Thursday, December 19, 2013

Santa's Pouch

This is what $250 worth of underwear looks like. How did I know what to get JB for Christmas? Easy. He took a Sharpie to the UnderGear catalog and circled the underwear models he liked. On the rest he drew mustaches, scars, eye patches and boobies. There's also a swimsuit or two in there for JB to wear on the cruise.

It was the least I could do after JB upgraded my geriatric
iPhone 4 to a 5s.

Now, in an ironic turnabout, I find myself stuffing underpants into a sock.

Tuesday, December 17, 2013


I'm not a superstitious person. My partner, JB, on the other hand is pathologically superstitious. A common complaint is the feeling that someone has given him "mal de ojo". The evil eye.

I've learned that laughing doesn't help him feel better. Quite the opposite, in fact. So my new course of action is to humor him while asking questions aimed at helping him recognize the actual source of his feelings of unease and paranoia.

"Evil eye? Who do you think would do such a thing to you?"

"I dunno. Could be anybody."

Well, I tried.

The primary cure for the ojo is a ritual involving a room-temperature egg and a bowl of water. The egg is passed repeatedly over the victim's body in an effort to draw out and absorb the negative energy. Like a magic ShamWow. Okay, like a magicker ShamWow.

You then crack the evil-saturated egg into the bowl of water. If the resulting soup appears to be looking back at you, you have your proof that you were cursed. And really, when does a raw egg floating in water not look eyeballish?

I've so far avoided actually performing this ritual on JB, although I did offer once. After exhausting all rational efforts, I was willing to give it a try if it would help him to feel better. But he declined, saying "I know you don't believe in that stuff."

Obviously this makes me unqualified to rub him with an egg.

Good thing JB wasn't home on Friday the 13th
when our black cat knocked over a mirror.

Tuesday, December 10, 2013


"Wow. It's so bright. And so... blue" JB said standing in front of the tree with his hand gripping his lower jaw. I knew what that meant.

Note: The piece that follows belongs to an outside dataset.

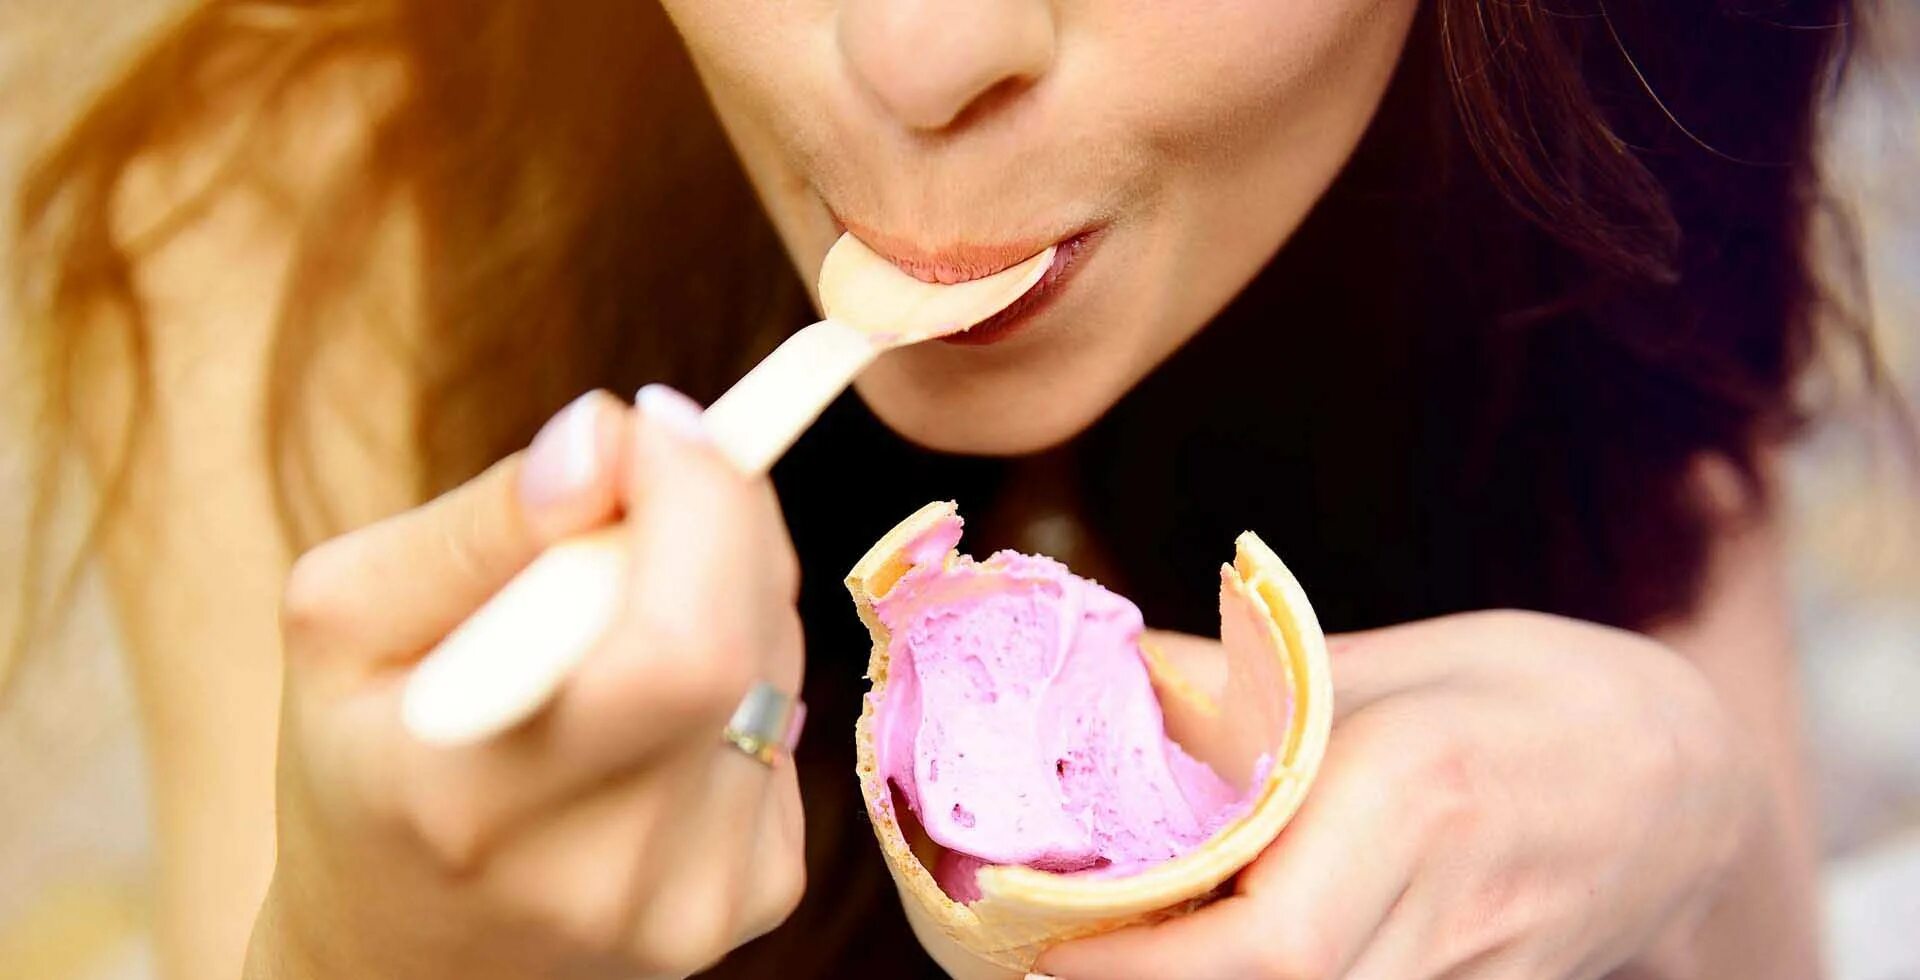 Кушать мороженое. Ест мороженое. Девушка ест мороженое. Девушка кушает мороженое.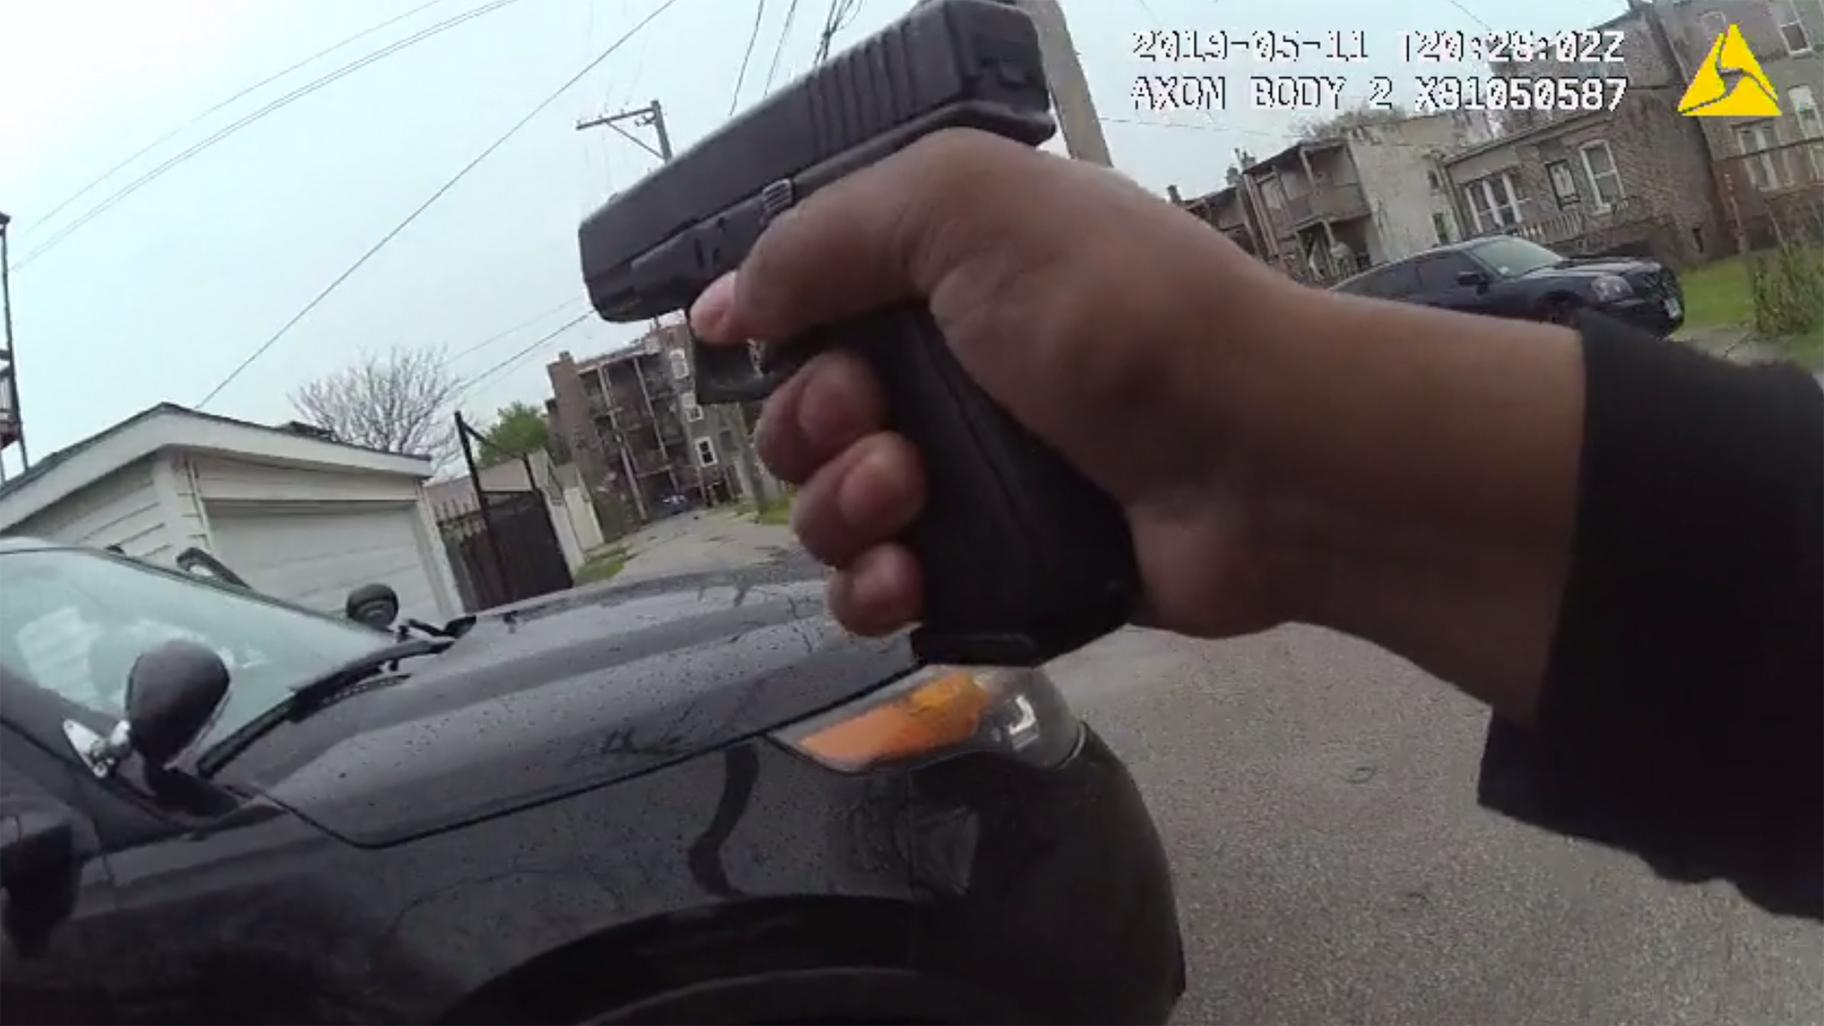 Záběry z tělesné kamery ukazují, co vedlo k smrtelnému zastřelení 26leté Sharell Brown chicagskými policisty. (Civilní úřad pro odpovědnost policie)

Back in January I posted about spending an entire weekend snipping the lights out of our pre-lit artificial Christmas tree. (Delighted, January 2012.) This painstakingly anal endeavor has allowed us to wring at least one more year out of our fake tree investment. After all, this year's X-mas budget is tighter than Jack Frost's ball sack and I still have a ton of cruise-wear to purchase.

(A preliminary list of Big Gay Cruise party and T-dance themes was posted yesterday. It seems I need pirate gear and something that'll allow me to pass as a dominant top at a leather function. Oh, and gold lamé. And I still haven't come close to amassing enough swimwear for seven days.)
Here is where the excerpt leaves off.